Today I am at a pretty good institute, doing a pretty good job, with a life that can be called a slow and steady success. But it has taken a hell lot of effort, and in the end, I am still not happy. I still don’t have friends and a social circle like most 25 year olds would have. I still pick up on tiny issues and blow them up in my head.
The point I want to make through this article is that, there are many people who undergo OCD and depression. What I have seen most people do, both educated friends and family alike, is to outcast these people. Tag them with a name, an identity. These people are not necessarily unhappy permanently. They go through waves of intense unhappiness and fear. They act differently from the others. They pursue a thought or an action with vengeance. But they also need understanding, because they are hurting. You can’t expect kids to accept them, but as elders, as family, they should be made to feel comfortable, encouraged to talk out their fears. Its like a toothache, or a migraine. Only difference is it cannot be seen.
Since years, I have made it a point to talk about this with my friends. Some of them understand, some scoff at it saying there’s nothing like depression, its only the strength of will power that’s weak. But that is untrue. Recently, I was reading on what causes OCD and there’s a scientific explanation to why those urges happen, why you can’t control the repetitive and irrational thoughts. Depression is different. It may or may not have a biological reason to it. It may be circumstantial. But nevertheless, it’s a disease.
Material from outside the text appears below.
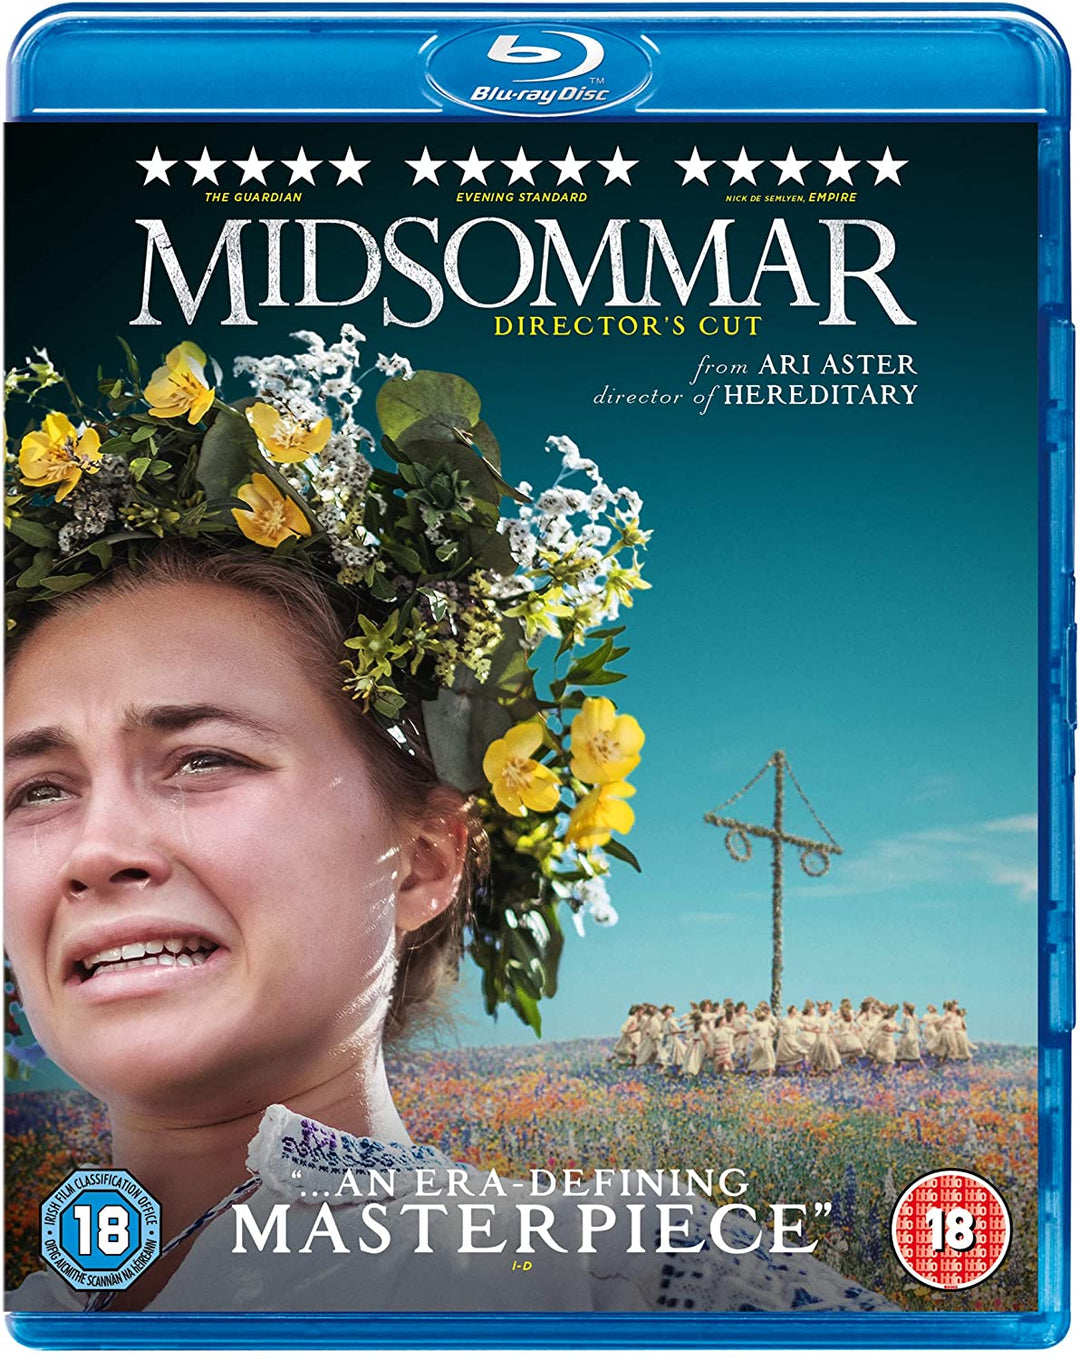 Midsommar Director's Cut – Horror/Drama [Blu-ray]
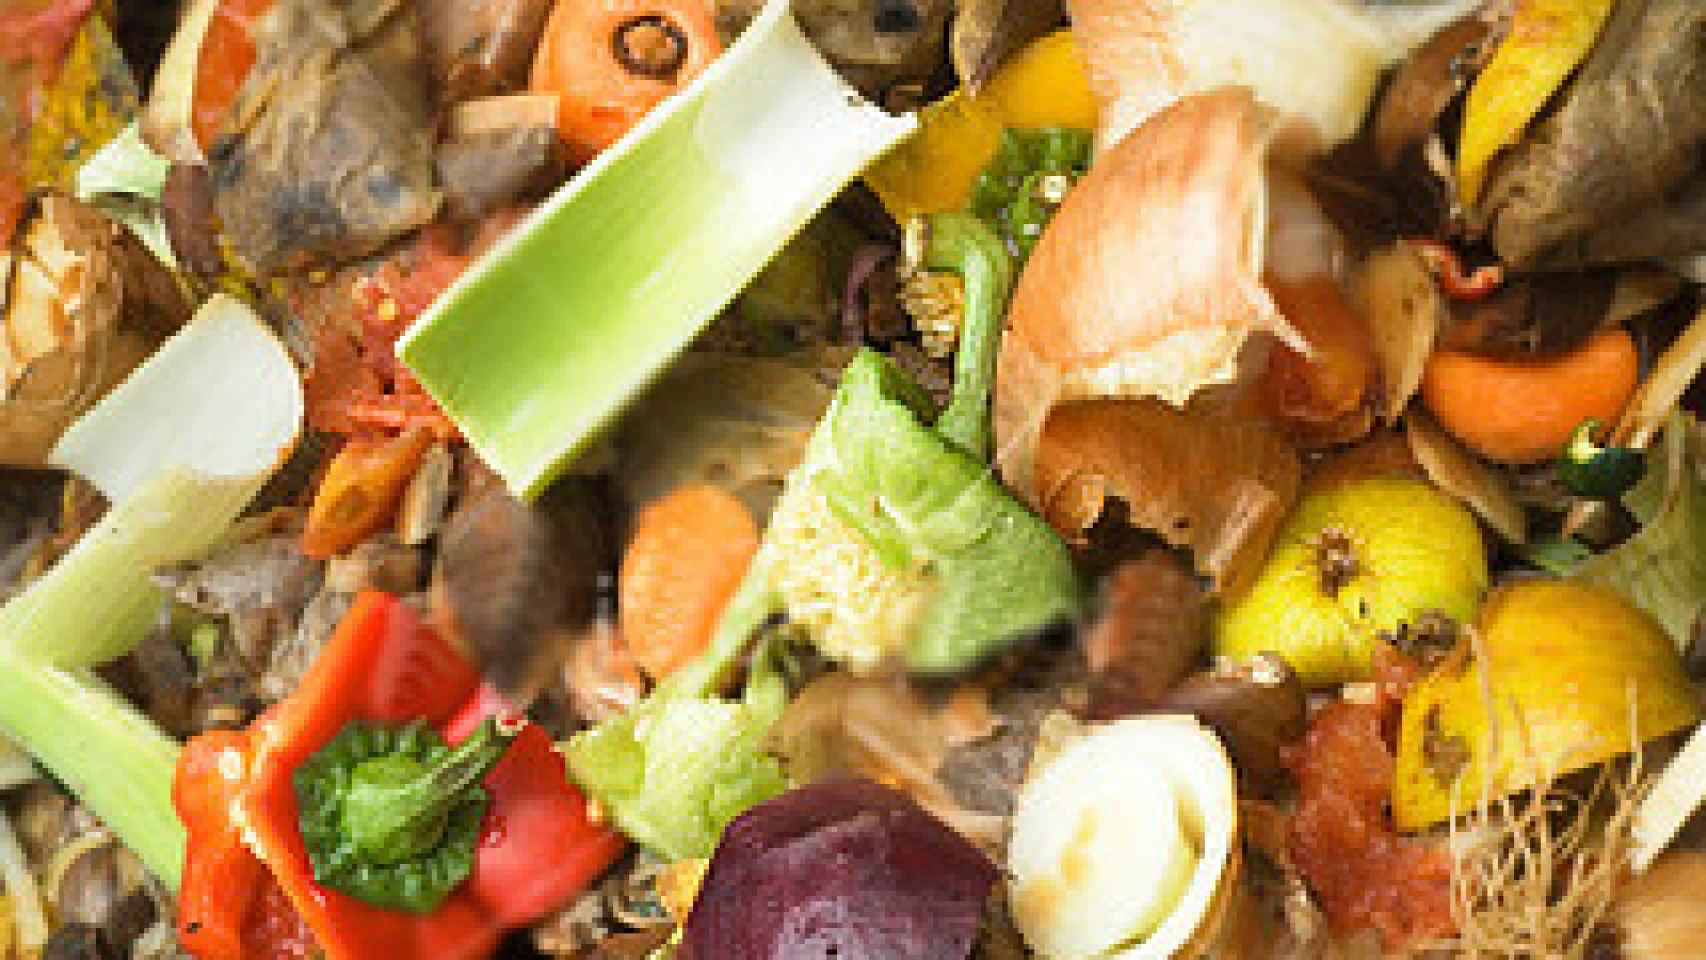 El 14% de los alimentos que se producen acaban en la basura

Our society does not recognize mental ailments for being just plain diseases. People are very easily classified as ‘Mad’ or ‘Weird’ , whereas, their problem might be as simple as a common cold or fever’s equivalent in the mind. All of us come across such people, very simply putting, the character of Monica in the series Friends is most of this. We tend to make fun of such people. But this should be stopped. It may not be lethal but it is definitely life changing. I had the good luck of having a very strong willed, sensible and educated family, who understood what the disease is. I did face ridicule from friends. I do resent that. But I am one of the lucky ones who had a family backing. Many have good friends, but many don’t have anyone. It would be good if the next time you come across a person whom you think is a little different in ways and thoughts, instead of judging and categorizing that person, try to see the good, the struggle and the pain within, and try to be a little more understanding. He/She might not have a migraine, but the pain nevertheless is very much there.